* **Task instructions**
Nothing but the lines from the one with "A woman in a" through the end of the material should be retyped, word for word and without pictures.

------ Raw data ------

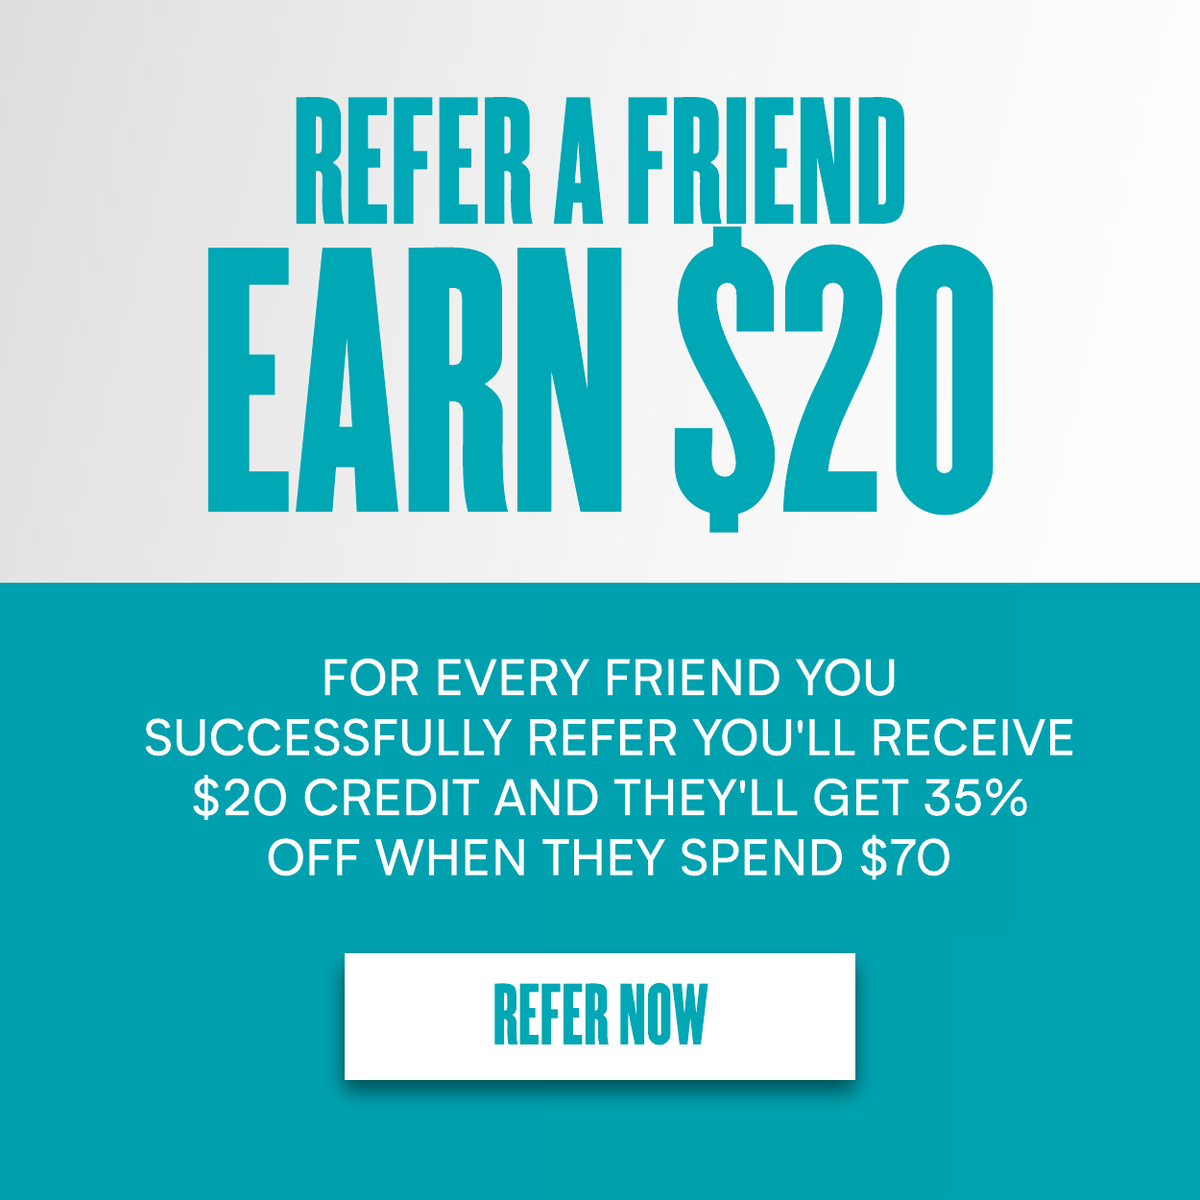 Refer a friend and earn $30
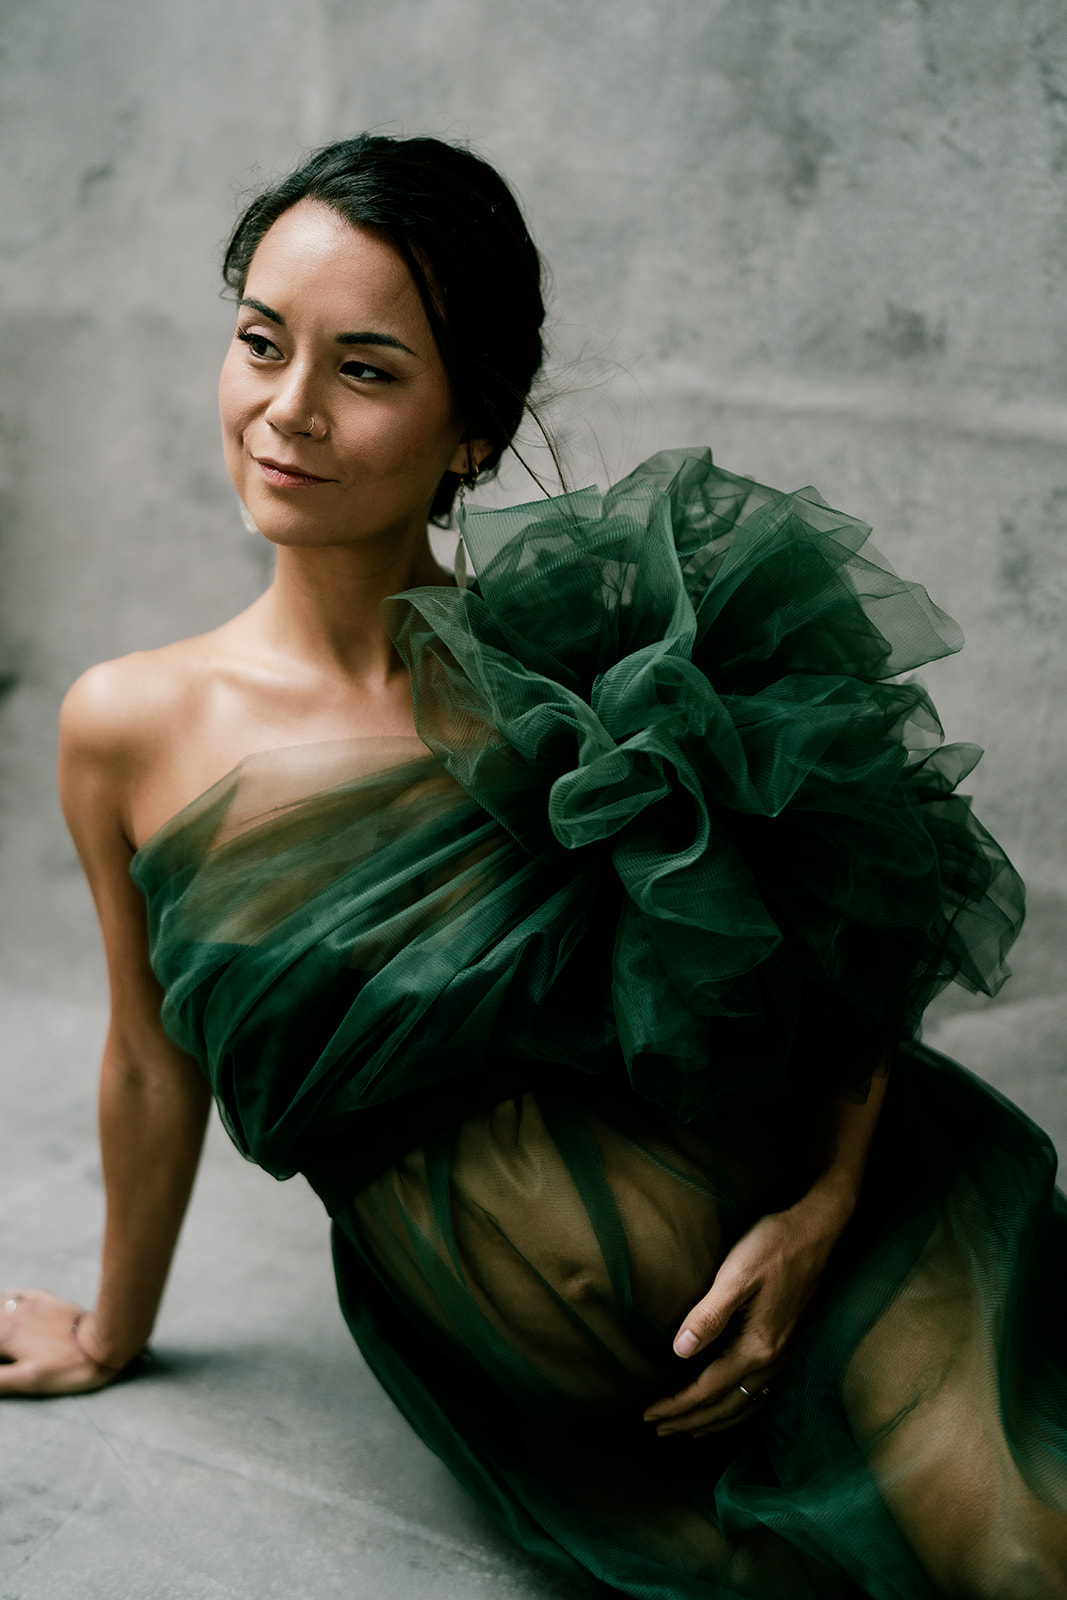 A woman in a green dress posing on a concrete floor.
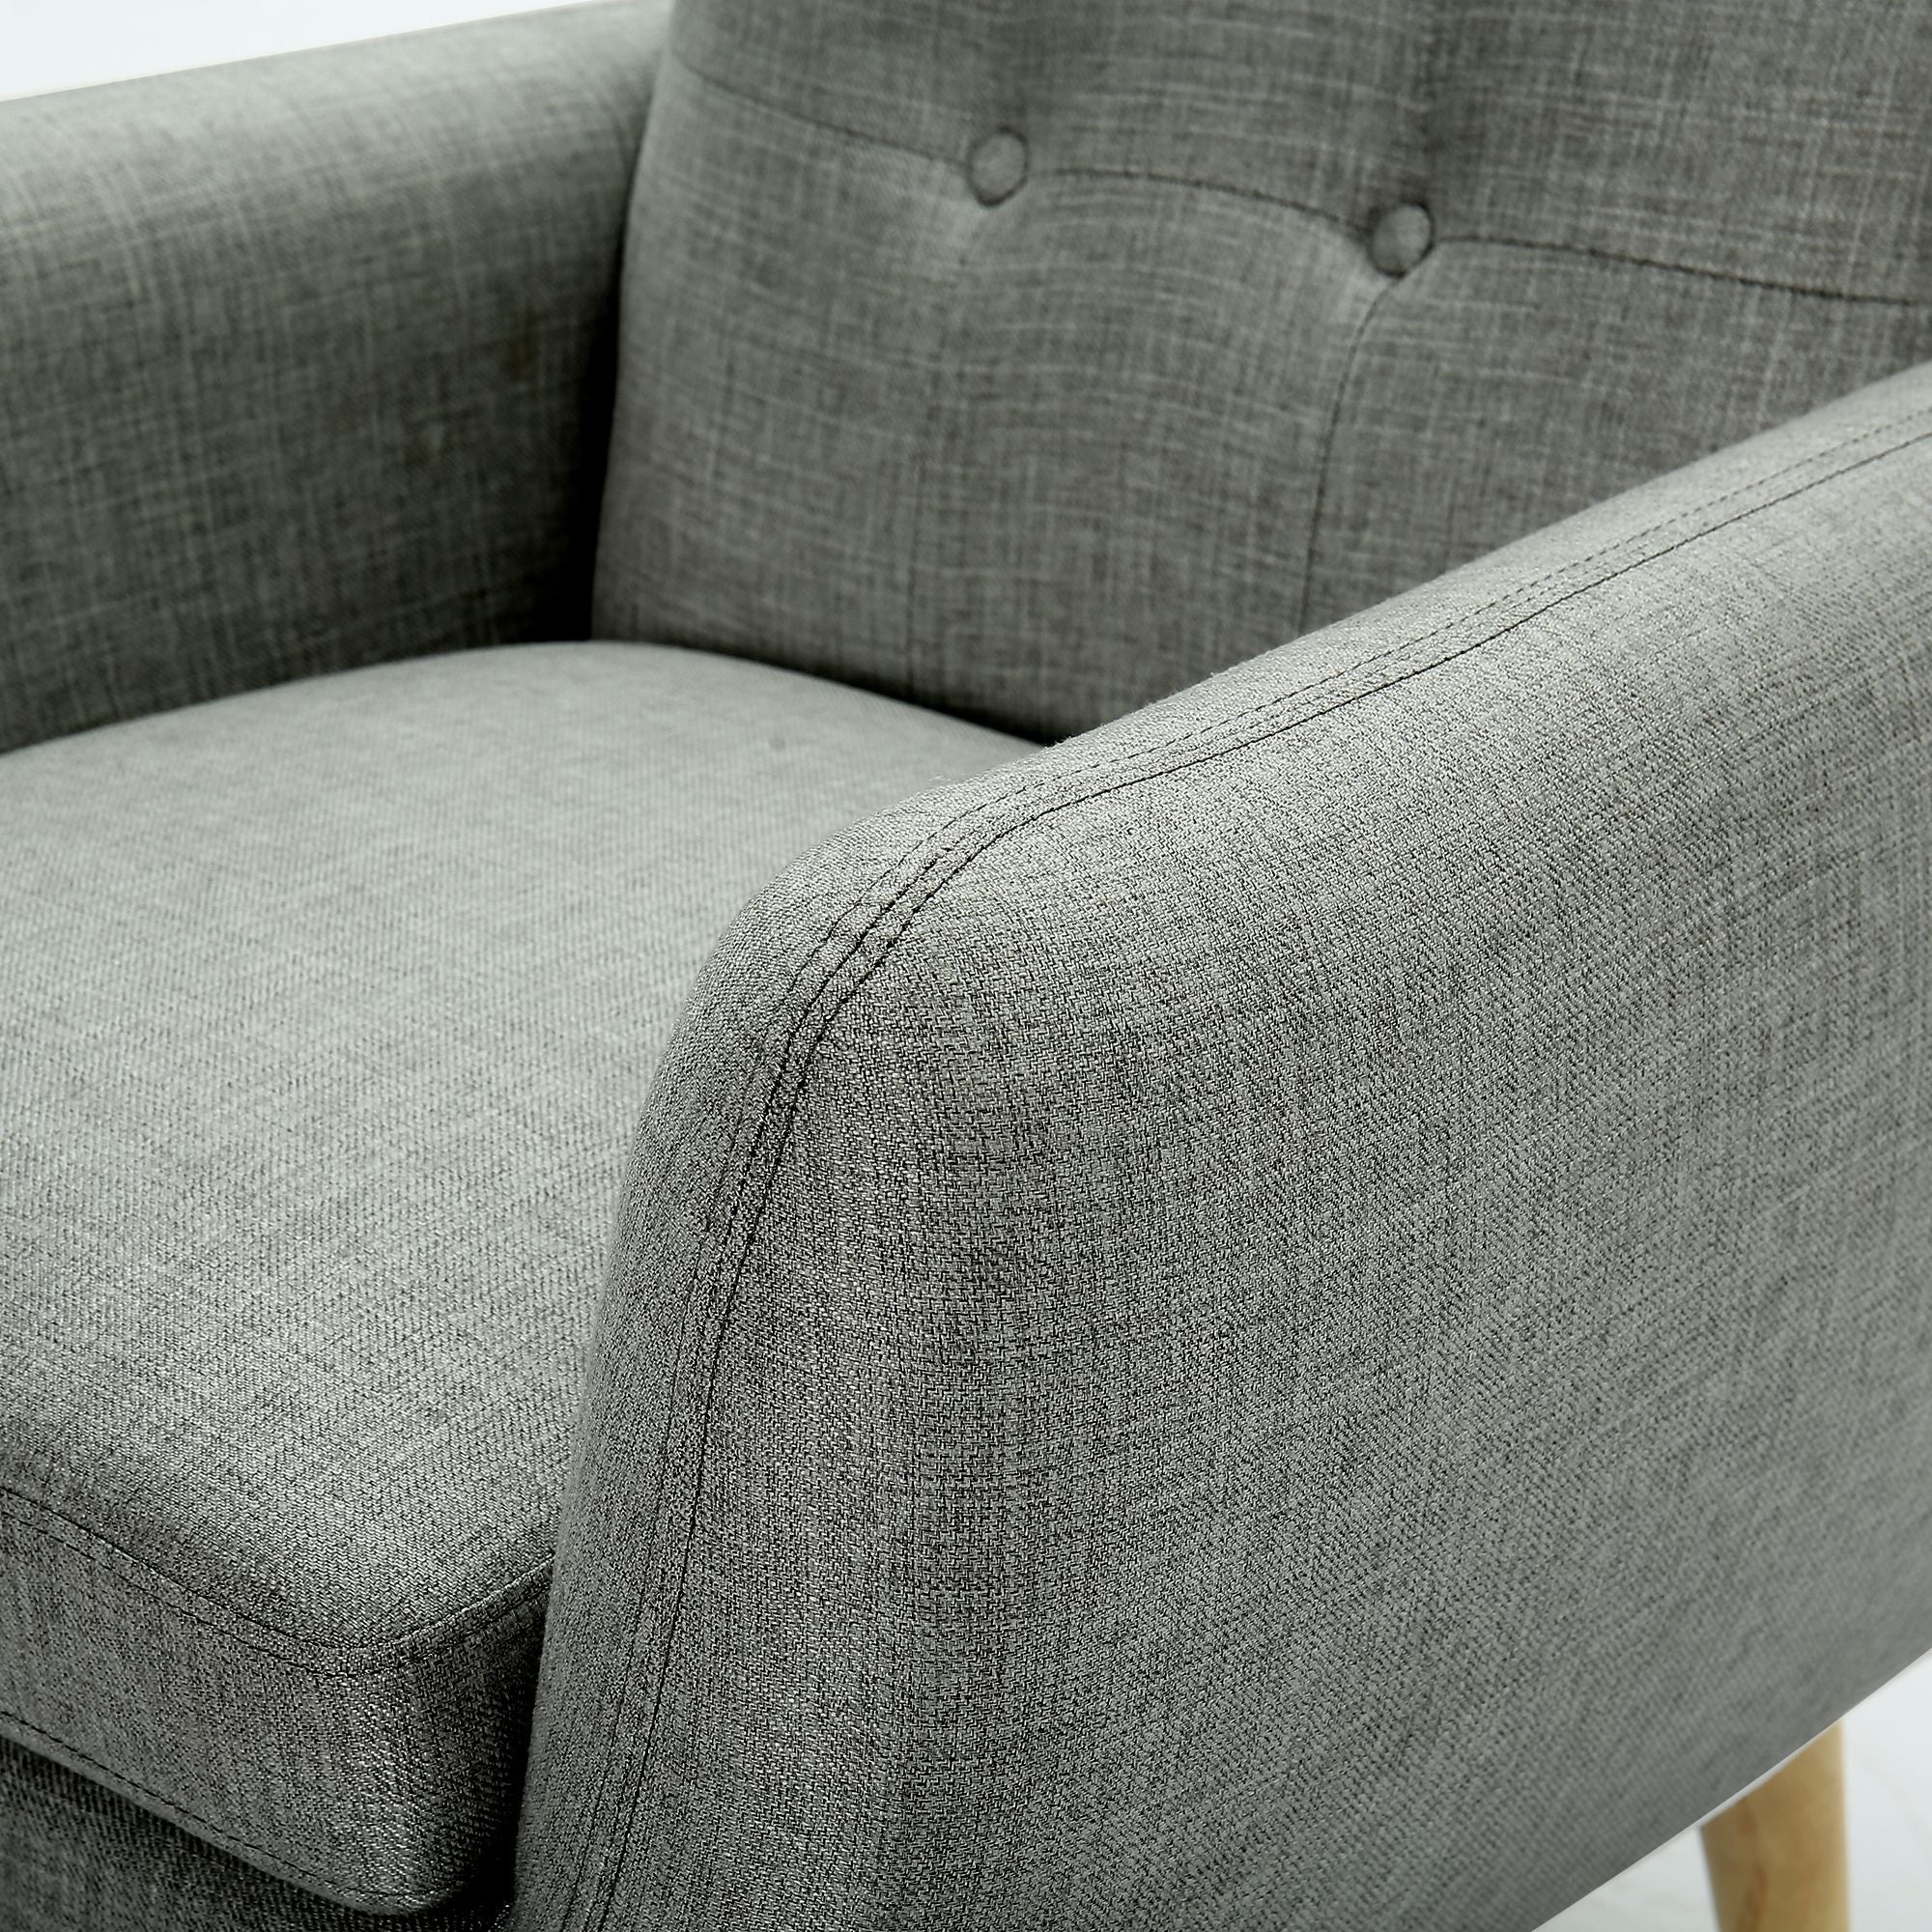 Ollen Single Seater Fabric Upholstered Sofa Armchair Lounge Couch - Mid Grey - Notbrand

------

* **Answer for the task**
 A woman in a green dress posing on a concrete floor.
 Ollen Single Seater Fabric Upholstered Sofa Armchair Lounge Couch - Mid Grey - Notbrand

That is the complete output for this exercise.